Studies are not directly comparable or of equal value. When making decisions based on this evidence, you should consider factors such as study size, study design, reported metrics and relevance of the study to your situation, rather than simply counting the number of studies that support a particular interpretation.

Supporting evidence from individual studies

  1. A replicated, randomized, controlled, before-and-after study in 2015 along a road through dry savanna in Limpopo, South Africa (Collinson et al. 2017) found that digging trenches alongside culverts did not reduce the number of mammals killed on roads. Results were not tested for statistical significance. One mammal (a South African pouched mouse Saccostomus campestris) was detected as a roadkill near culverts after trenches were dug and one (a red veld rat Aethomys chrysophilus) was found before they were dug. Over the same period, near culverts where no trenches were dug, two multimammate rats Mastomys sp. were detected as roadkills after trenches were dug at treatment sites and one was found before trenches were dug. The study was conducted in January–February 2015 along 400-m-long road sections with 2-m-wide culverts. In three sections, a 30-cm-deep trench, 2 m from the road verge, was dug for 200 m on either side of the culvert. Three road sections had no trench. Roadkills were counted at all sites over 20 days before the trench was dug and 20 days afterwards, by an observer in a car moving at 40–50 km/h.

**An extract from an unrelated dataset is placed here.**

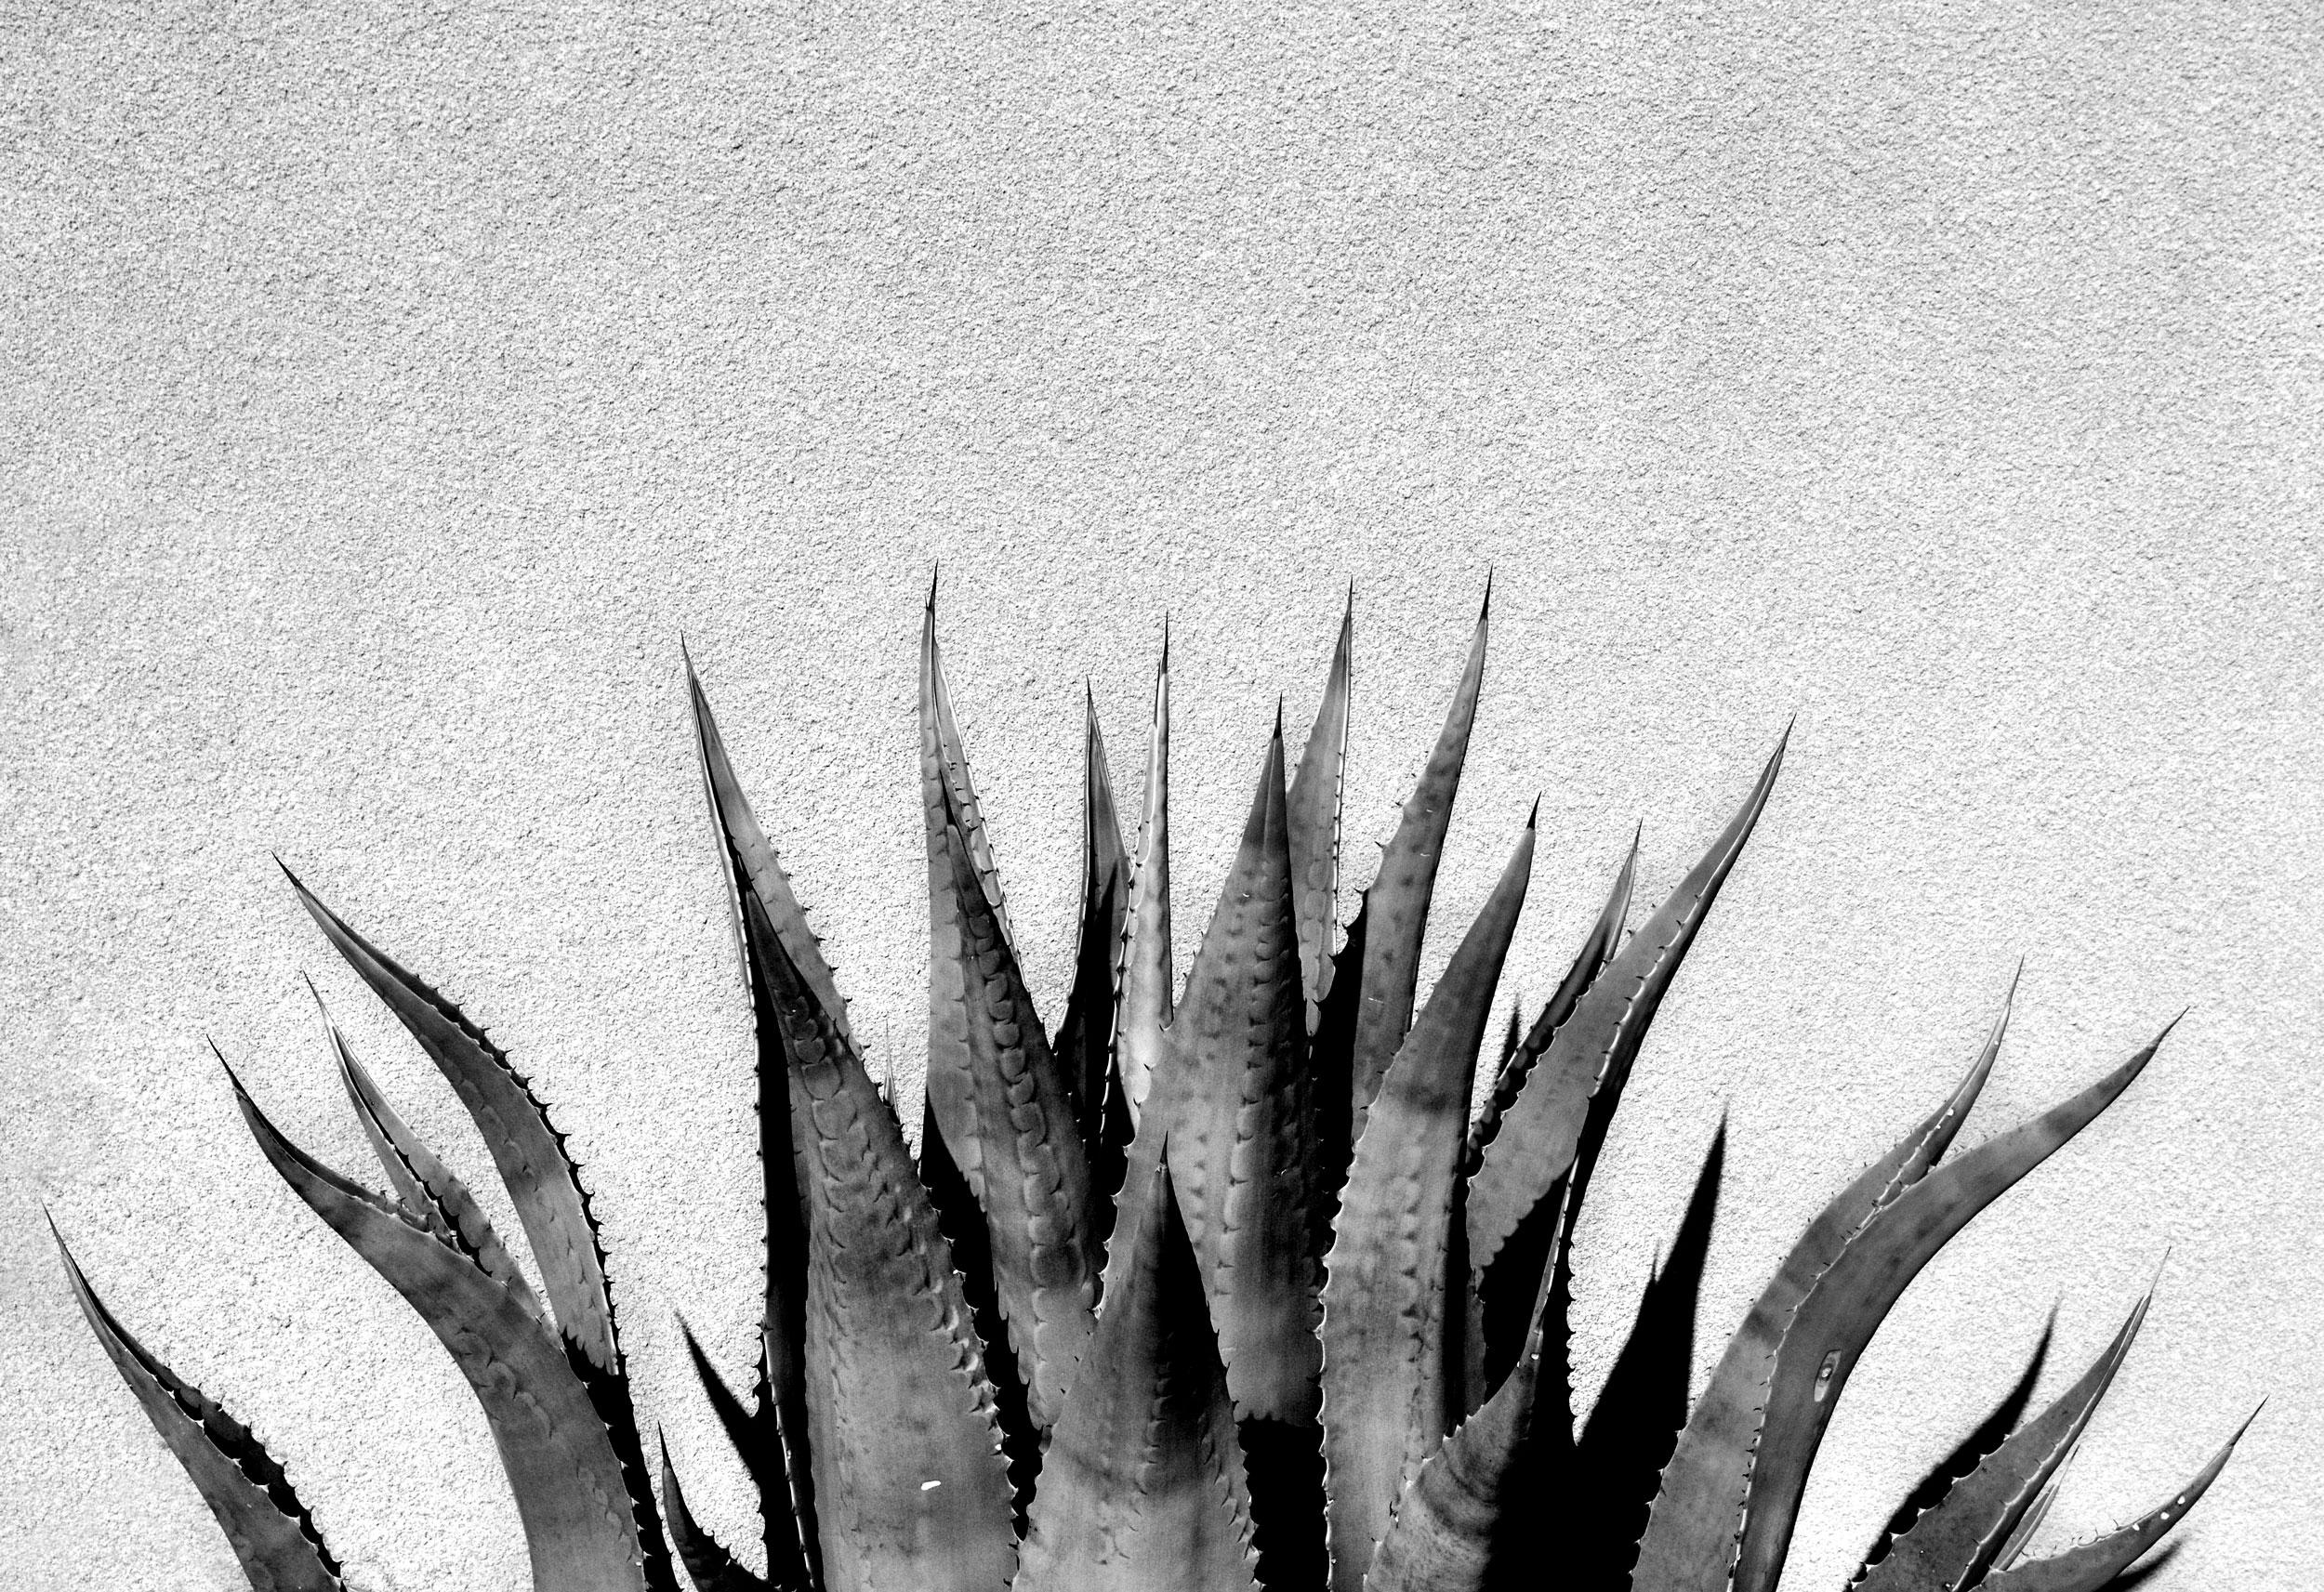 Summer-Big-Cactus.jpg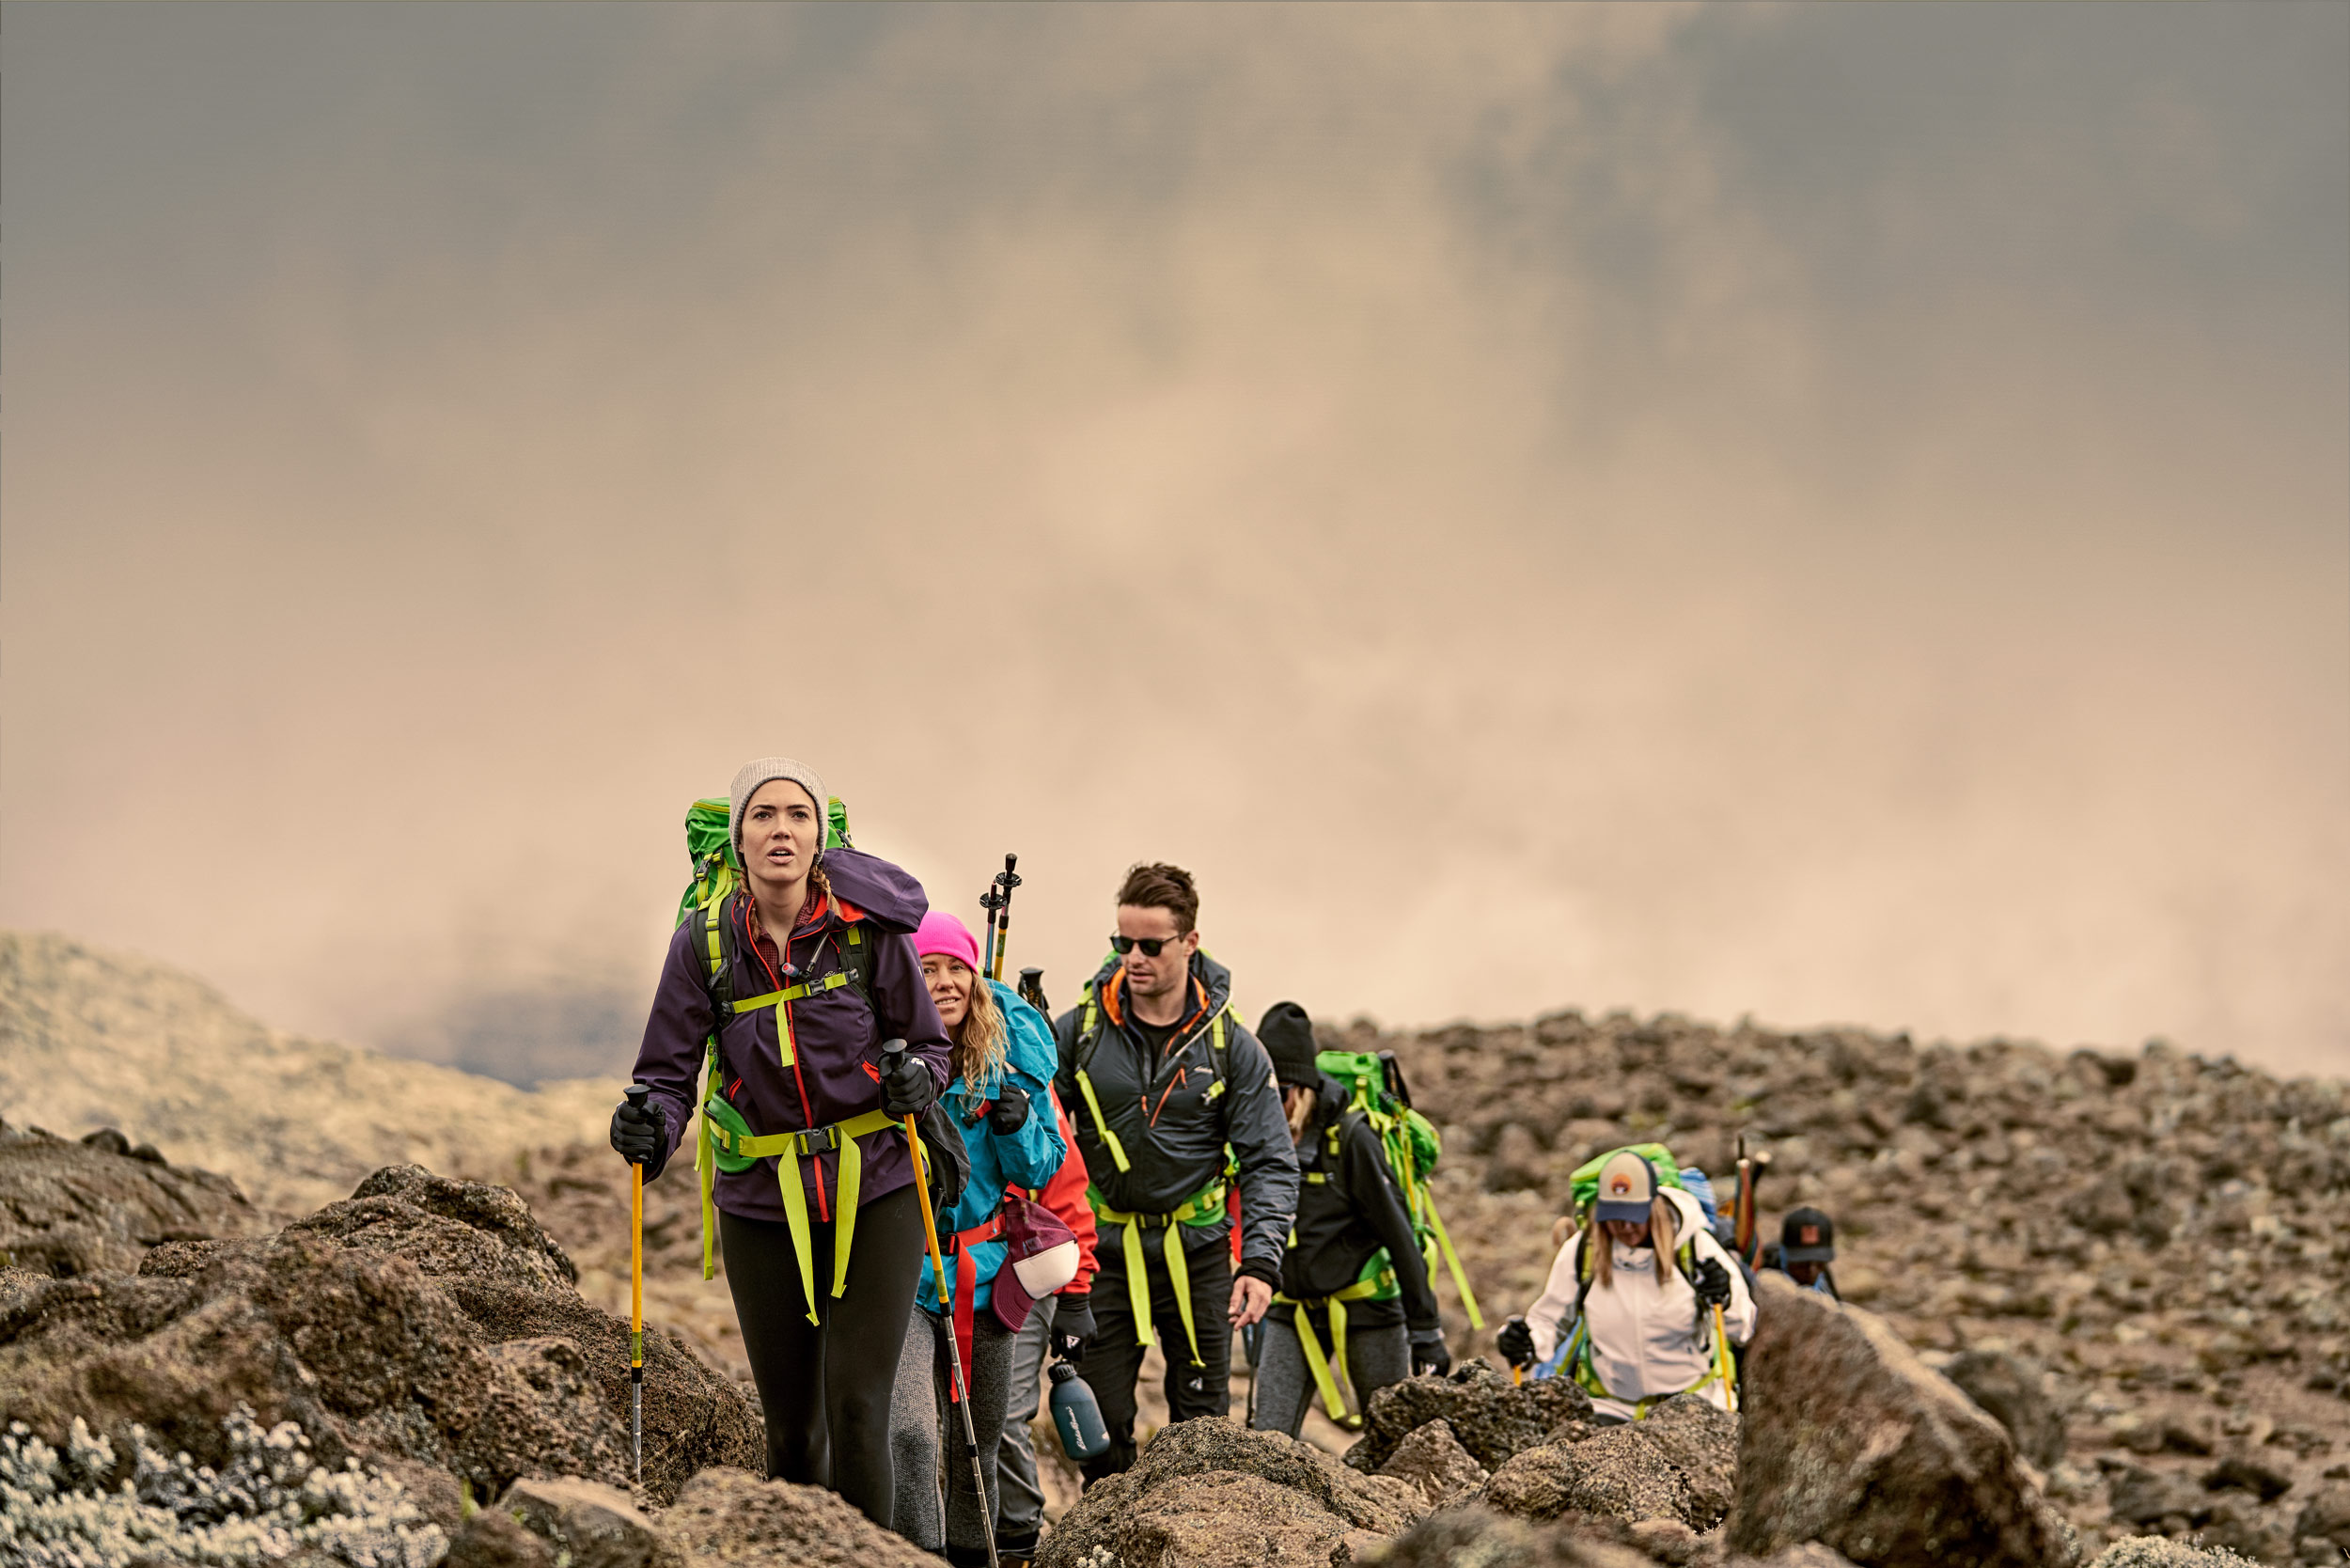 032518-EB_Kilimanjaro_1197_RT

    Study and other actions tested
Please cite as:

Littlewood, N.A., Rocha, R., Smith, R.K., Martin, P.A., Lockhart, S.L., Schoonover, R.F., Wilman, E., Bladon, A.J., Sainsbury, K.A., Pimm S. and Sutherland, W.J. (2020) Terrestrial Mammal Conservation: Global Evidence for the Effects of Interventions for terrestrial mammals excluding bats and primates. Synopses of Conservation Evidence Series. University of Cambridge, Cambridge, UK.

Where has this evidence come from?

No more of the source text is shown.